Дезет увернулся, пропуская мимо второй удар, в следующий миг близкий выстрел опалил ему бровь.
– Бей сзади!
Стриж упал ничком, сбитый подсечкой, прямо в глаза смотрело вороненое дуло излучателя Хауни. Дезет нащупал прижатый бедром пистолет. Глаза стандарт-медика в это момент показались ему совсем безумными. Стриж увидел, как под скрюченным пальцем бывшего товарища медленно подается спусковой крючок – выстрелил первым.
Через пару минут все было безнадежно кончено – пять трупов.

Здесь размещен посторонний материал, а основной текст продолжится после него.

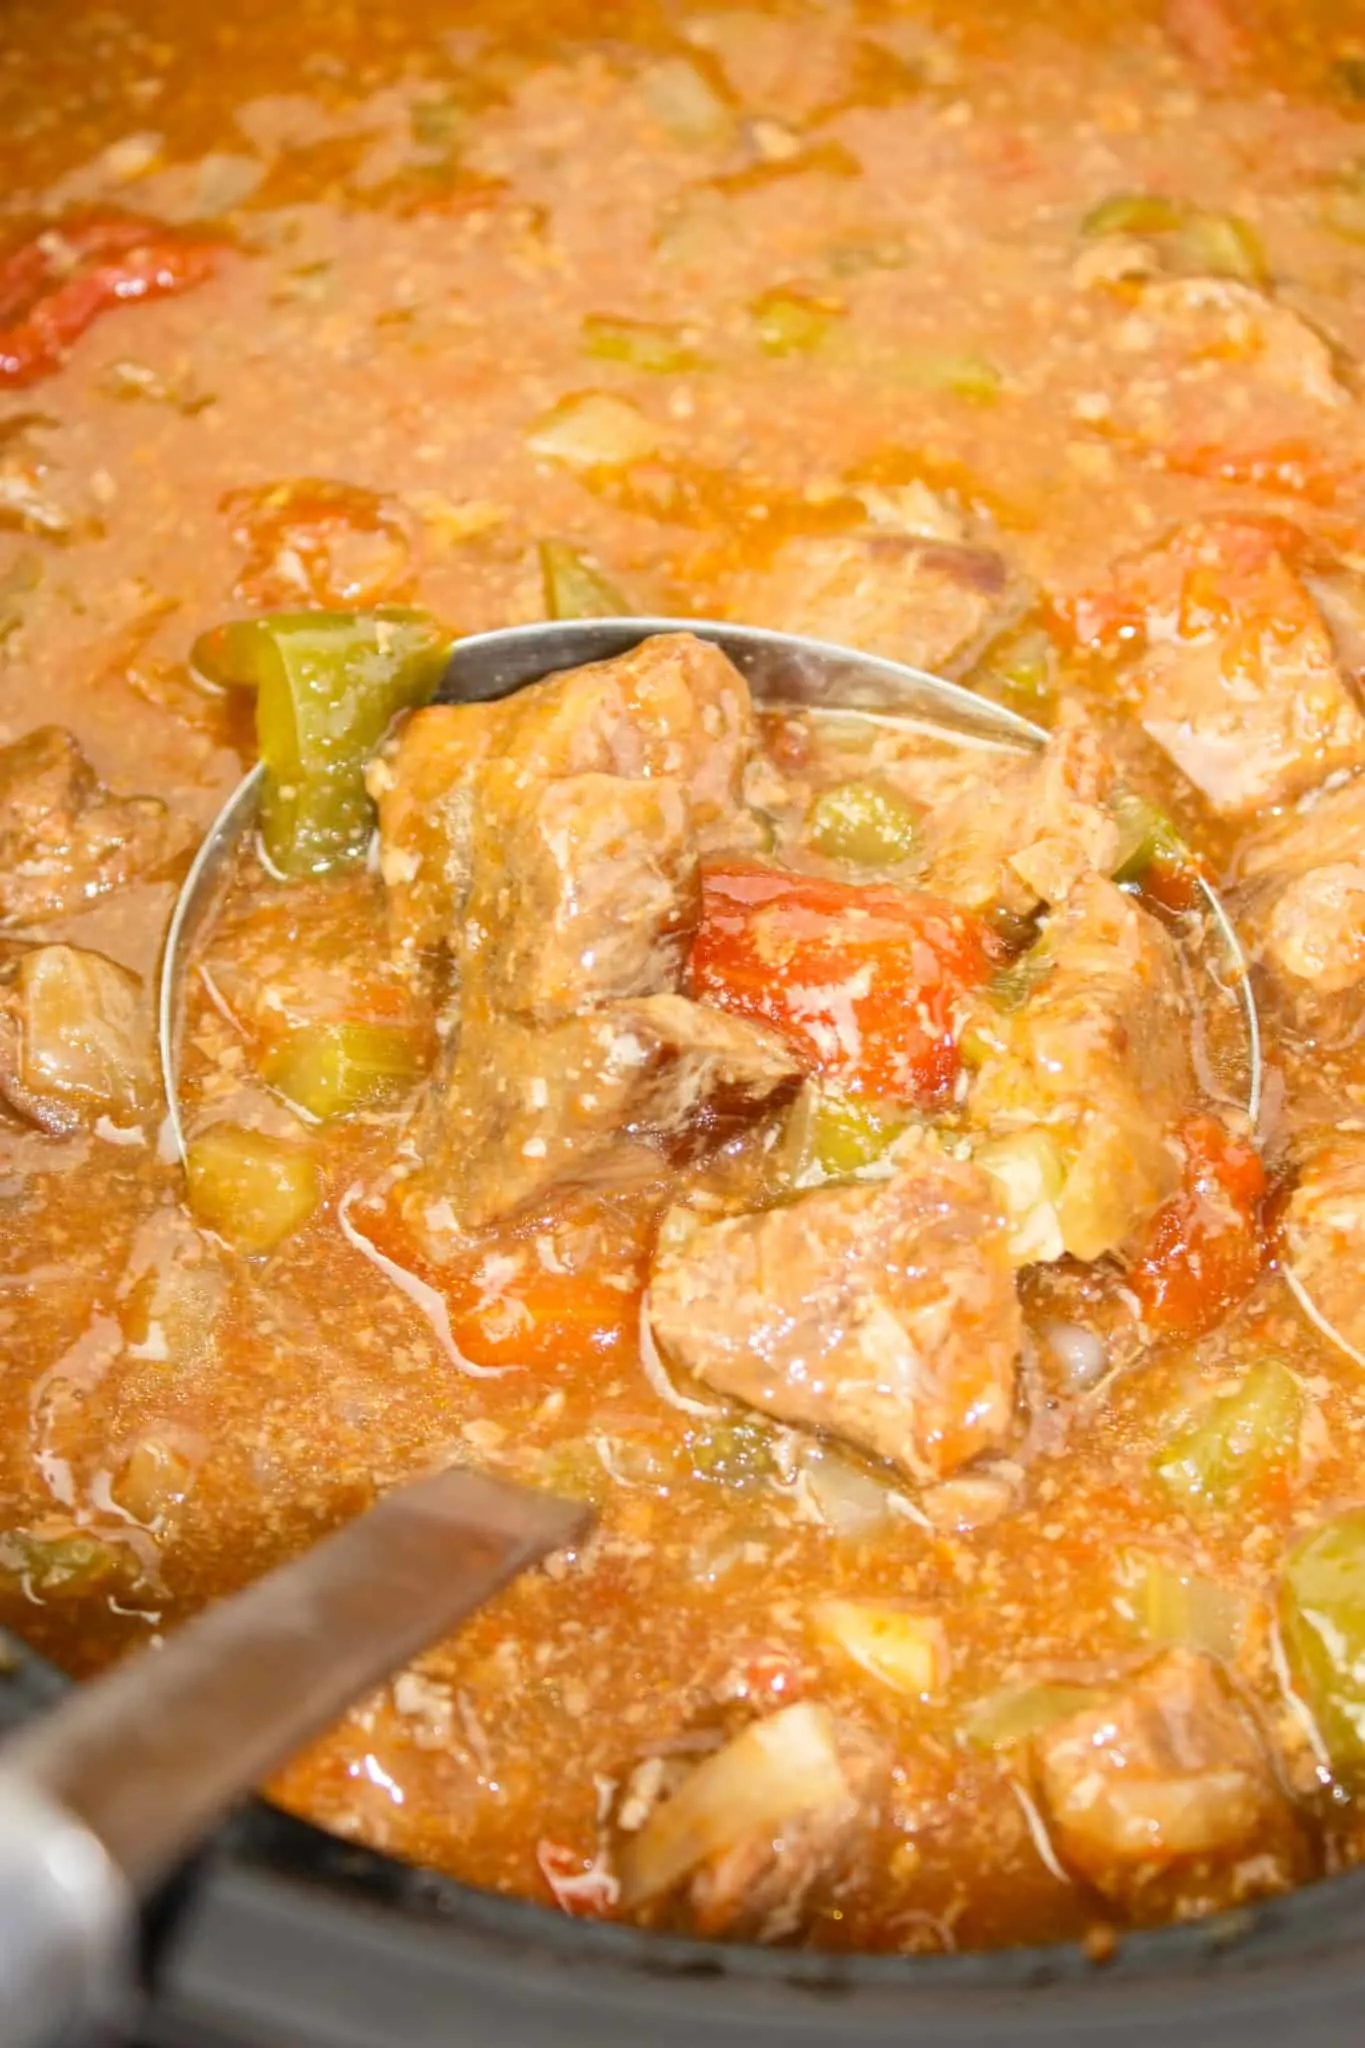 Crock Pot Tangy Beef is a tasty slow cooker recipe.  Chunks of stewing beef and vegetables smothered in a tangy sauce make this a delicious choice on those cool evenings any time of the year.
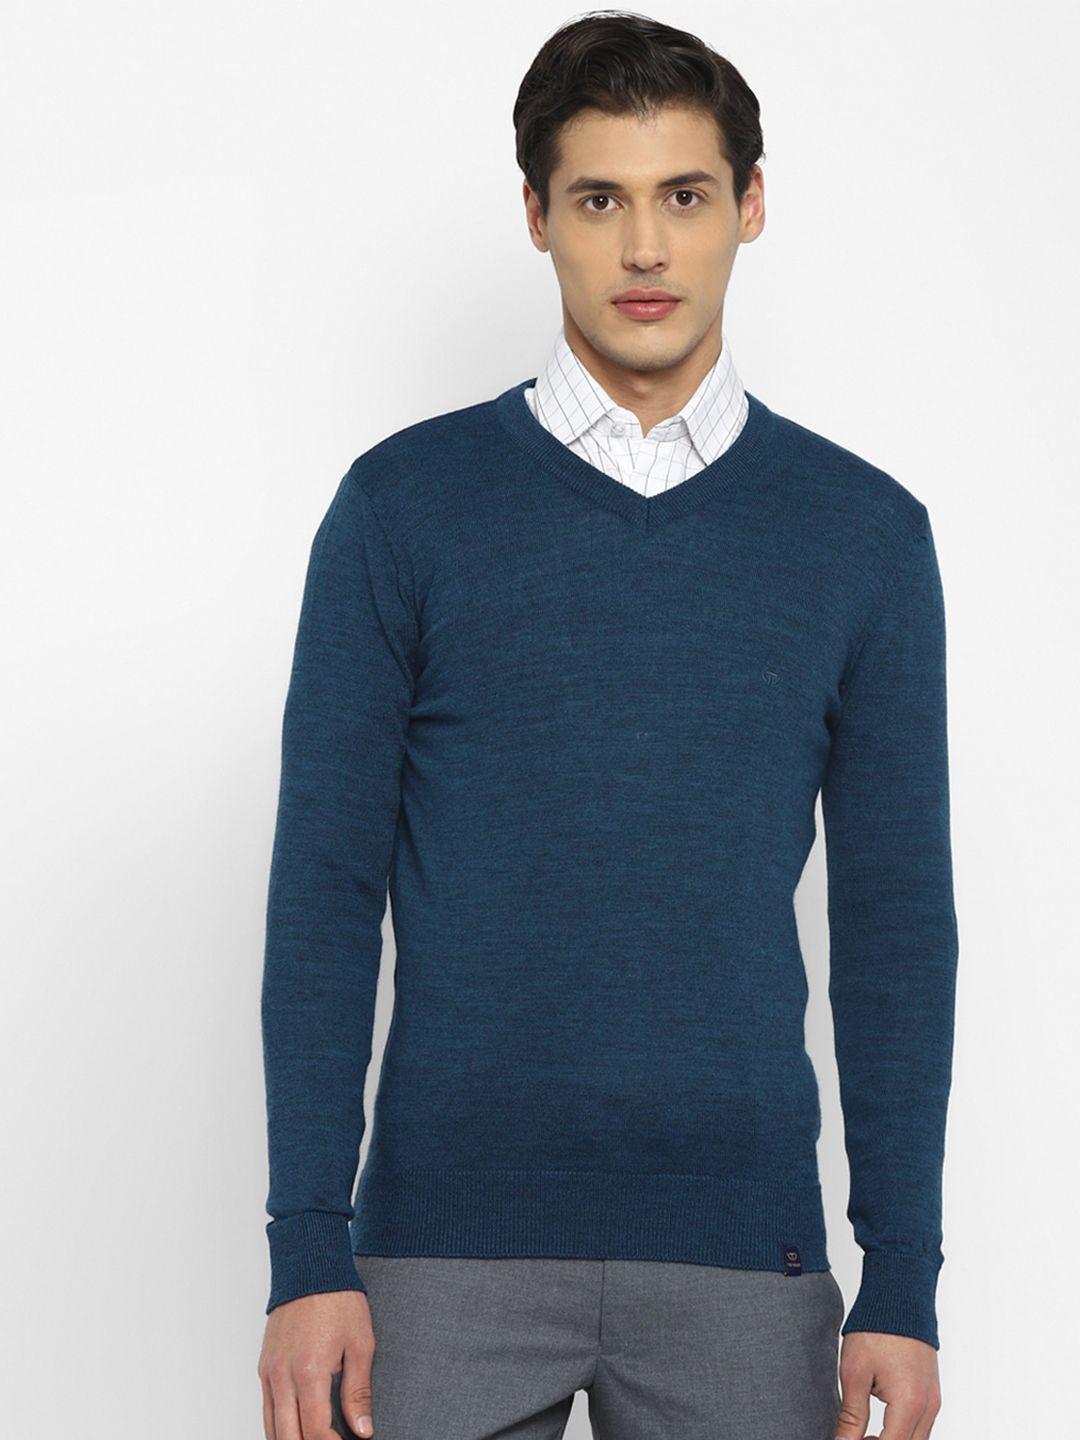 top brass v-neck wool pullover sweater

Еще через две минуты в котловину посыпались разъяренные каленусийские солдаты…
– Брось оружие! Мордой в песок.
Стриж медленно опустился на колени, потом лег ничком – ему тут же надели наручники, на сломанную руку тоже.
– Еще живые остались?
– Никого, майор. Погодите… тут ребенок.
– Санитар, заберите ребенка. Пленному закатайте рукав.
– Сделано. У него татуировка корпуса «Сардар».
– Отлично. Теперь померьте индекс пси-активности.
– Он лицо отворачивает, падаль.
– Сержант, придержите сардара за плечи. Сколько? Не может быть. Ноль?!
* * *
7005 год. Каленусия. Тюрьма строгого режима Форт-Харай
Стриж нехотя оторвал ладони от лица.
– Поздравляю, колонель. На этот раз вы меня достали. Точно и грамотно. Это хотели услышать?
– Да, хотел. А теперь вернемся к нашему вопросу – ваша дочь вам еще нужна?
– Где она?
– Еще вчера была в Порт-Калинусе, в приюте для сирот. Хотите, чтобы там и осталась?
– Это примитивный шантаж.
– Может быть, но если согласитесь нам помогать, девочку вам отдадут.
Стриж криво улыбнулся.
– Меня все равно убьют, толку в мертвом отце никакого.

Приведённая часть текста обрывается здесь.